_SOURCE MATERIAL_
+--

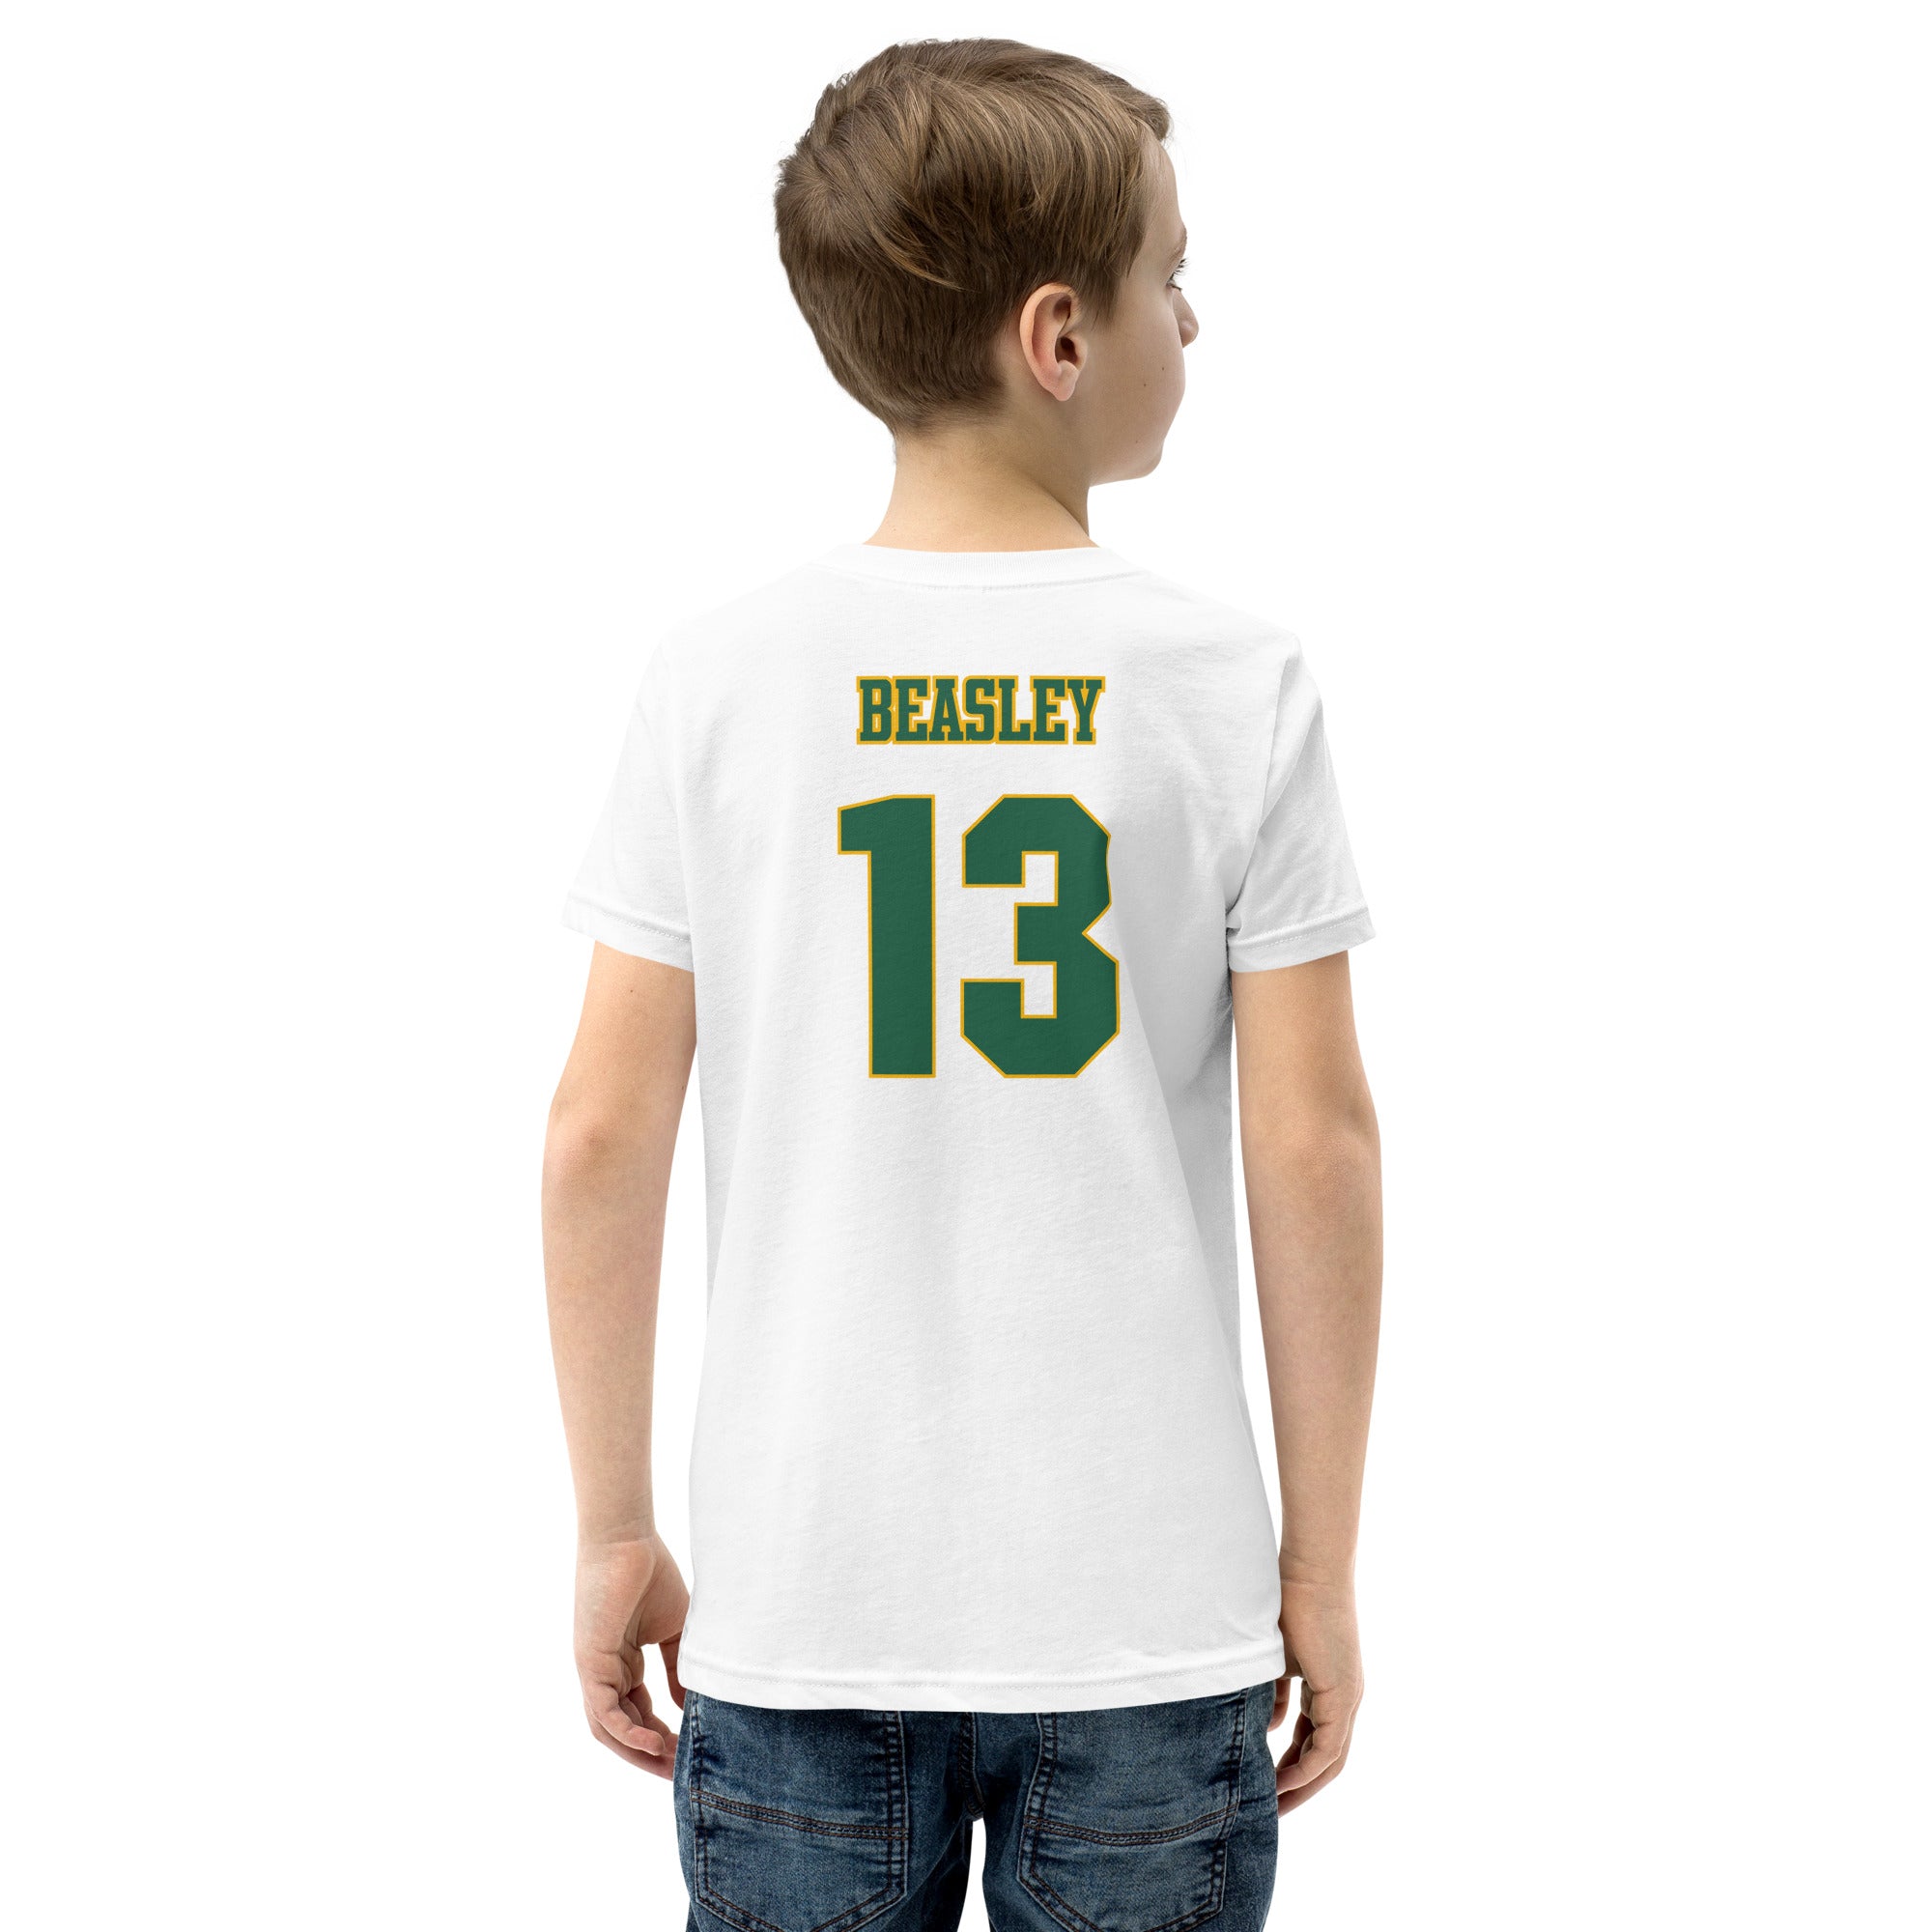 Robby Beasley #13 Youth Short Sleeve T-Shirt
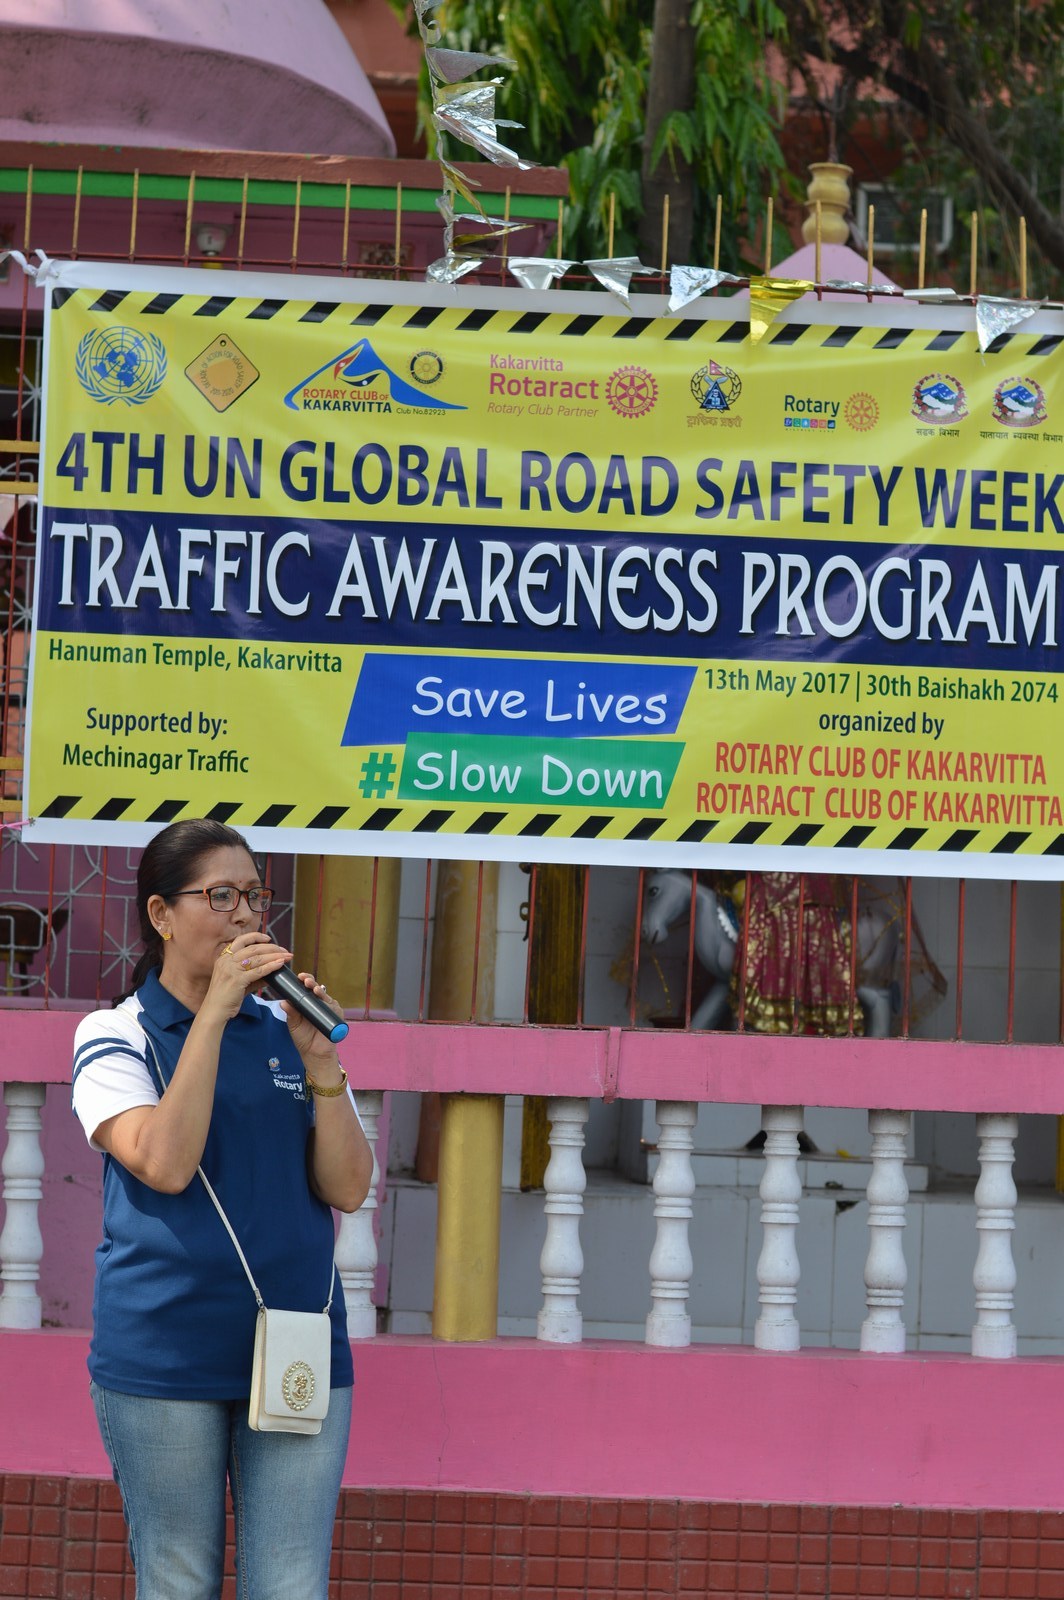 4th-UN-Global-Road-Safety-Week-2017-Traffic-Awareness-Program-Rotary-club-of-Kakarvitta-36
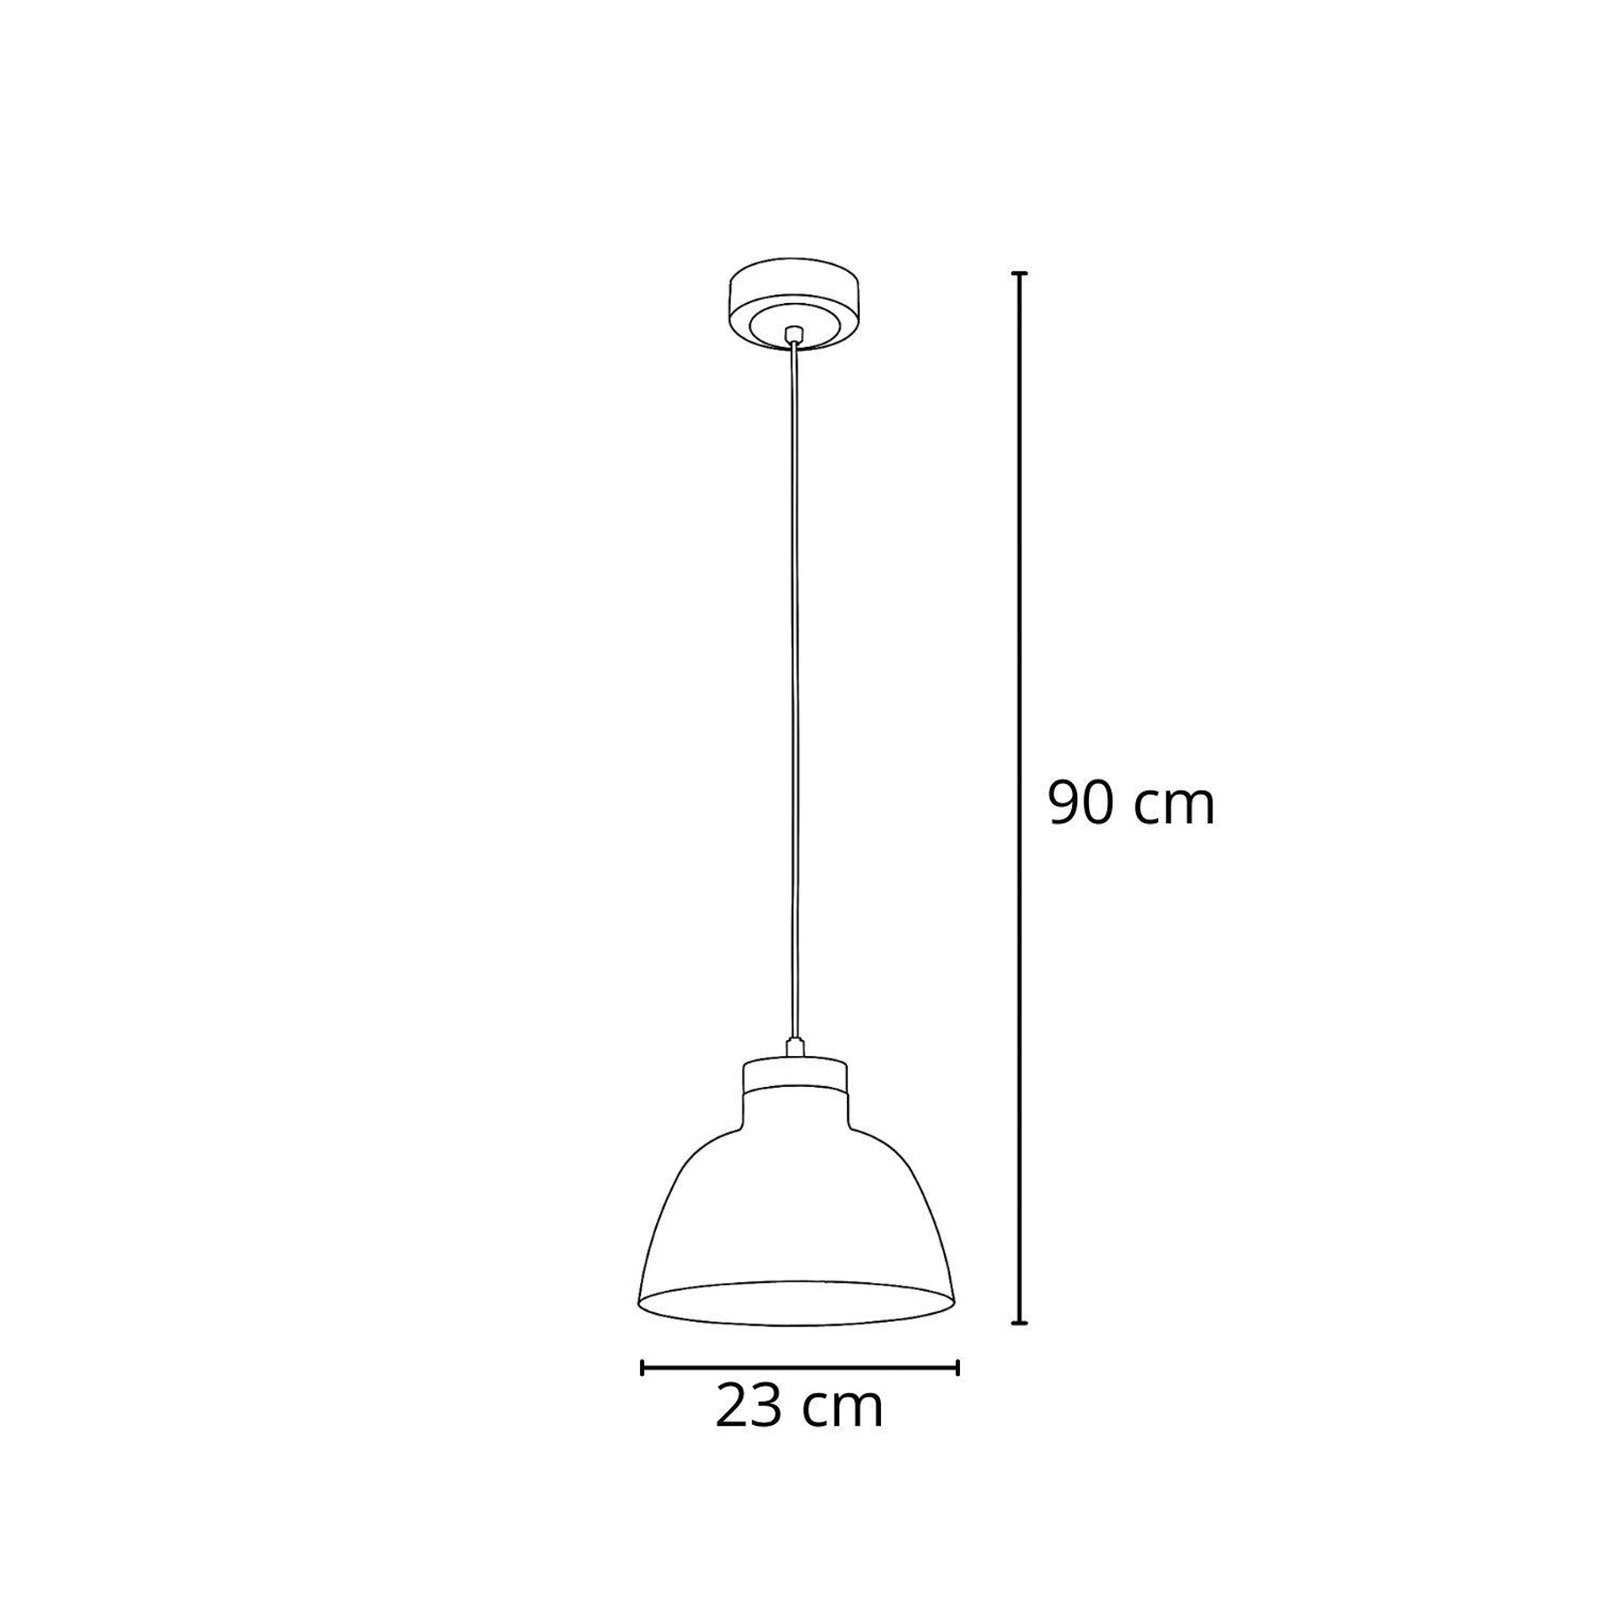 Hanglamp Lorien, donkergroen, Ø 23 cm, metaal, hout

+--

_REQUIRED ACTION_
Without changing a word, retype the data above and omit its pictures.

_TASK RESPONSE_
 Robby Beasley #13 Youth Short Sleeve T-Shirt
 4th-UN-Global-Road-Safety-Week-2017-Traffic-Awareness-Program-Rotary-club-of-Kakarvitta-36
 Hanglamp Lorien, donkergroen, Ø 23 cm, metaal, hout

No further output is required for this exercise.